Introduction

Small incision surgery has revolutionized the field of gynaecological surgery and changed the way lower abdominal surgery has been practised over the past decade. This has come about with the realization that the minimal access approach, in trained hands, allowed for a much more elegant form of surgery with reduced injury to the abdominal wall and the surrounding tissue.

The concept behind small incision/laparoscopic surgery revolves around the fact that if the access to the operating site is reached with minimal interference to the surrounding body structures, then the events following surgery would also return back to normal in a shorter span of time. In other words, this implies improved patient recovery with reduced post-operative pain, shorter hospitalization, and an earlier return to normal function. Although the above-mentioned benefits are almost never realized by the patient until the completion of the surgical procedure, the main motivating factor for patients to choose this method of surgery is the fact that the patients do not have any incision. Going a bit deeper than ‘the skin and the scar’ issue, I shall explain in this article how laparoscopic surgery can really be the surgery of choice under given circumstances, and how awareness of this surgical modality by the patient would help them to choose this method over the more invasive conventional gynaecological surgeries.

Hysterectomy

Hysterectomy refers to the removal of the womb in the event of a disease, dysfunction or cancer of the womb.
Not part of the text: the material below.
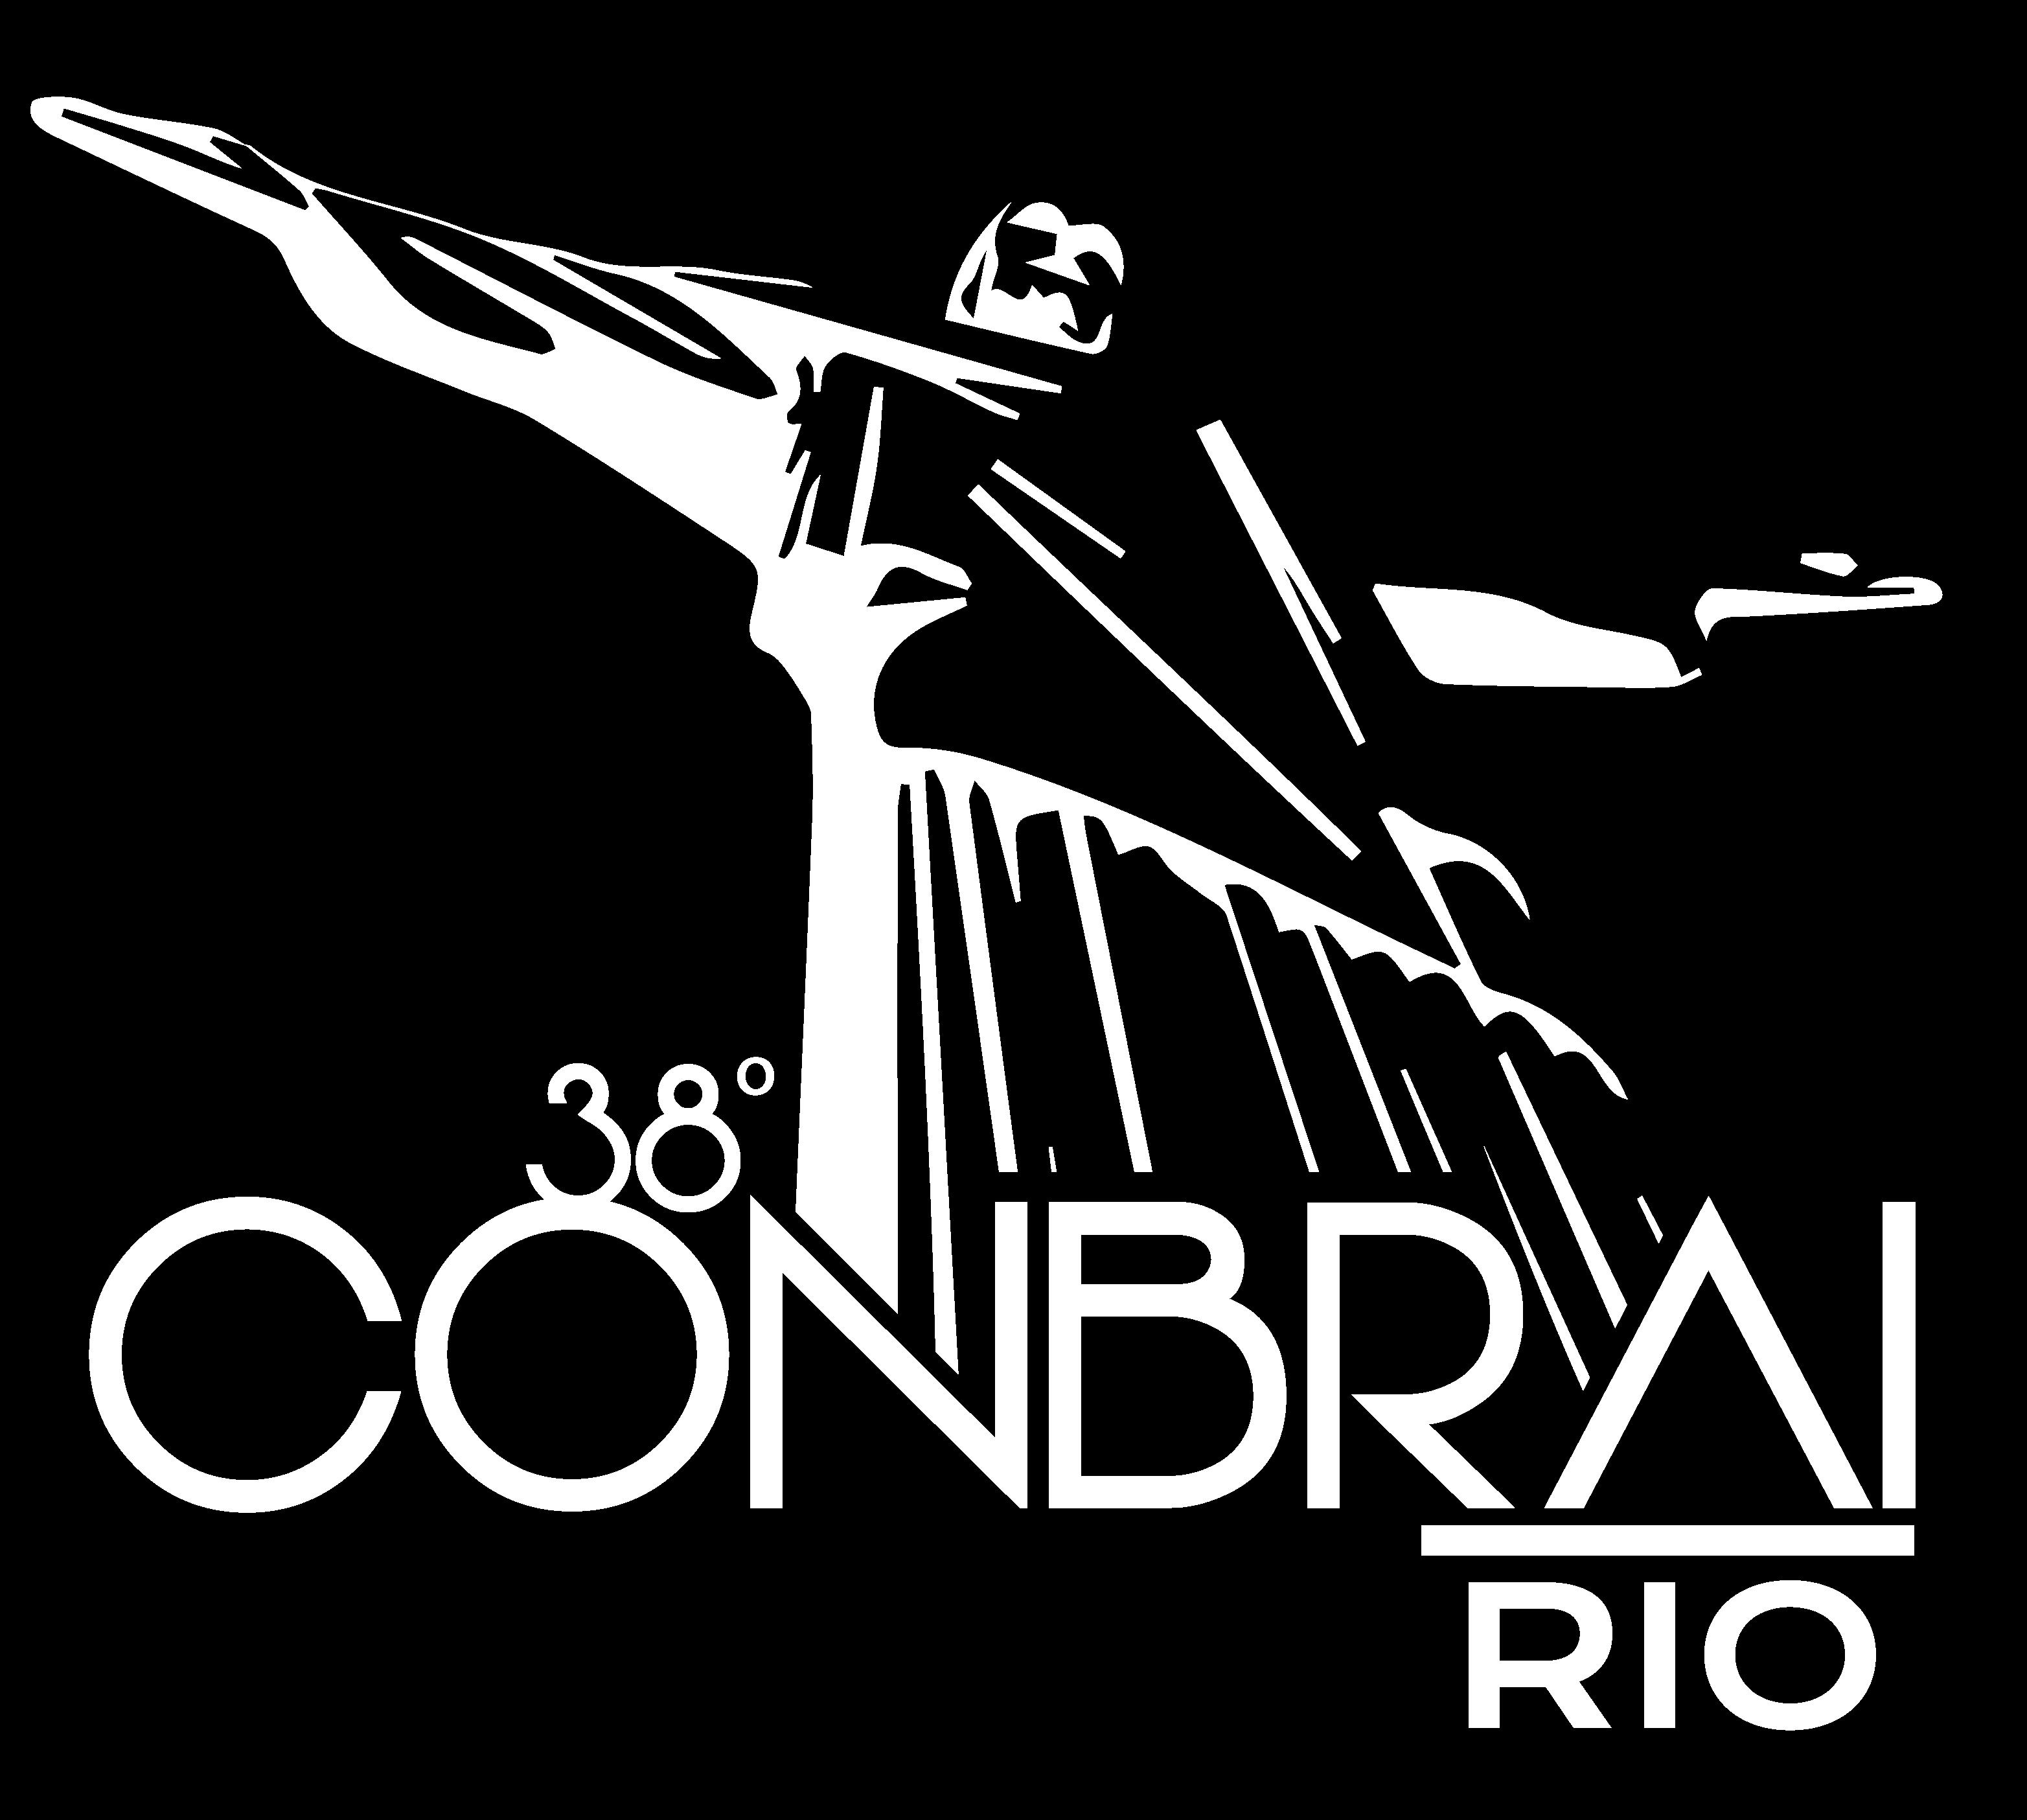 CONBRAI

Conventional surgery for the removal of the womb is called ‘total abdominal hysterectomy’ or TAH in common medical language. This involves giving a vertical or horizontal 8 to 10 centimetres incision on the abdomen and removing the womb.
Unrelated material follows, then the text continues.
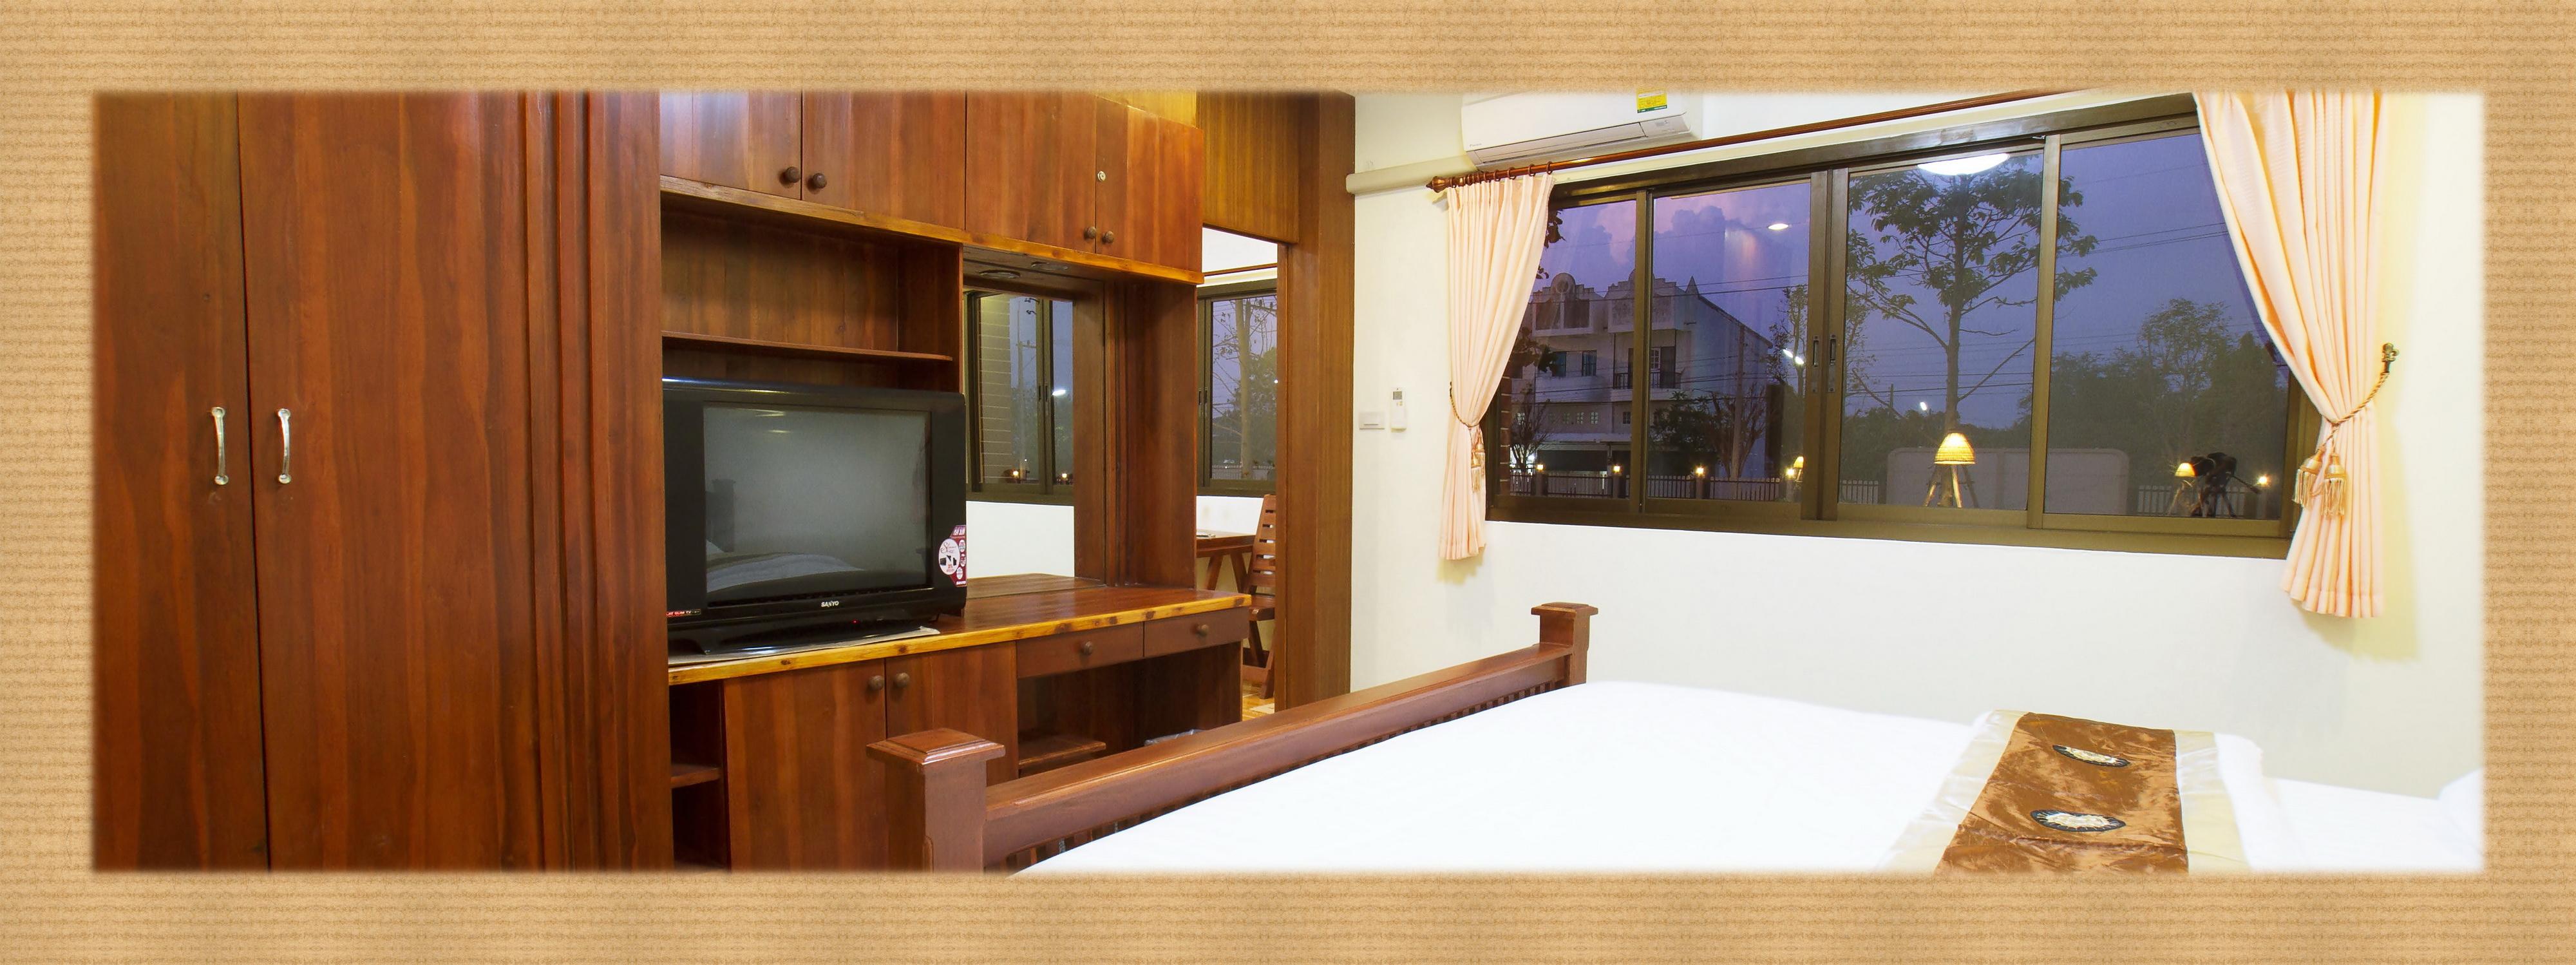 หลับสบายบนที่นอนคุณภาพสูง : โรงแรม ที่พัก สไตล์ รีสอร์ท ระดับคุณภาพ ใน โคราช ต.โคกกรวด อ.เมือง นครราชสีมา hotel in korat ในตัวเมือง : ร่มไม้ปลายตะวัน รีสอร์ท Rommaiplaitawan hotel & resort

By the minimal access approach, the same procedure can be performed by gaining access to the womb through the vagina with or without the assistance of a laparoscope. The advantages of this procedure over the conventional hysterectomy are:

* No incision

* Less post-operative pain and discomfort

* Faster recuperation

* No pain of removal of skin stitches as there is no incision on the skin!

Ectopic pregnancies

and ovarian cysts

An ectopic pregnancy is a pregnancy that grows in the tube instead of the lining of the womb. These pregnancies do not go a long way, and could end up with catastrophic consequences. In earlier times these pregnancies used to be terminated by removing the tube carrying it. The earlier approach to the tube removal would mean opening the abdomen with a vertical or horizontal cut. Apart from the abdominal scar, such a procedure could reduce the chances of future child-bearing, because the handling of the pelvic organs might cause an alteration in the normal anatomy due to adhesions.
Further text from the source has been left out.